Interestingly, cross-tabulation of the responses to question 29, sections 5 and 6, and question 5 showed no significant differences by tenure status in attitudes about whether or not right- or left-wing political beliefs or activities should be taken into account in personnel decisions. Nor do the responses to question 30 and question 5 reveal any differences by tenure status in attitudes toward the value of ideological or methodological diversity. With regard to homosexuality and personal sexual morality, however, historians with continuing tenure tended to be less tolerant than those with less secure statuses.

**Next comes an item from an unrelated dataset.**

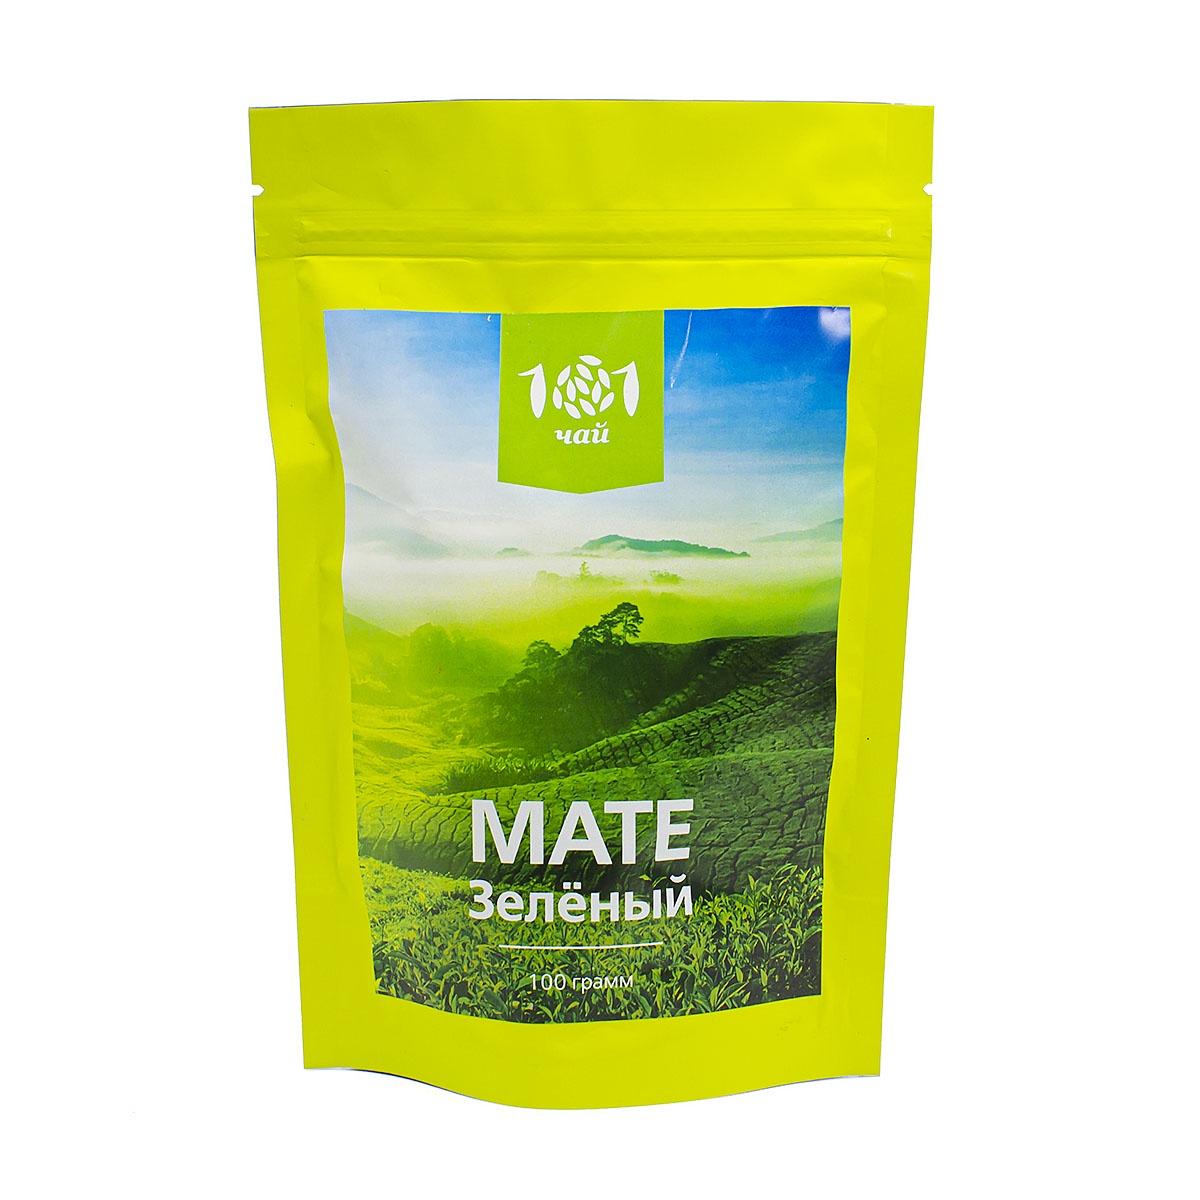 Чай Мате Зелёный, 100 г витамины 365 everyday value

The last two questions attempted to measure historians’ attitudes toward the existing modes of protecting academic freedom. The responses to question 33 reveal a distressingly low level of faith in the effectiveness of boards of trustees and school administrations in this respect. Approximately half the respondents expressed confidence, however, in chairmen, faculties, and faculty committees. As far as the AAUP is concerned, 53.5 percent of the respondents think that the national AAUP would oppose a violation of academic freedom with determination, while 22.1 percent think it would protest but take no determined action. Question 34 found 42.6 percent of the respondents satisfied with the status quo, although 9 percent expressed a rather fatalistic lack of faith in any agency’s ability to shore up the boundaries of academic free-dom. In view of these figures, it may be surprising that 43.5 percent of the respondents want the AHA to play a more active role in defending academic freedom. Cross-tabulations between the responses to question 34 and to various questions in Sections I and II indicate that there is no close correlation between the desire for the AHA to play a more active role, and age, sex, region of the country, form of decision-making experienced, or institutional affiliation. Non-tenured faculty and those identifying themselves as politically liberal tend to want more AHA activism than their fellow respondents. While the respondents favoring intervention and activism on the part of the AHA do not constitute a majority, it is yet noteworthy that many of those who at the present moment are satisfied and do not feel threatened are still not convinced that the situation is so secure that additional measures to protect academic freedom are unnecessary.

The data from the questionnaire responses, coded for computer manipulation, are on file on magnetic tape in the offices of the AHA.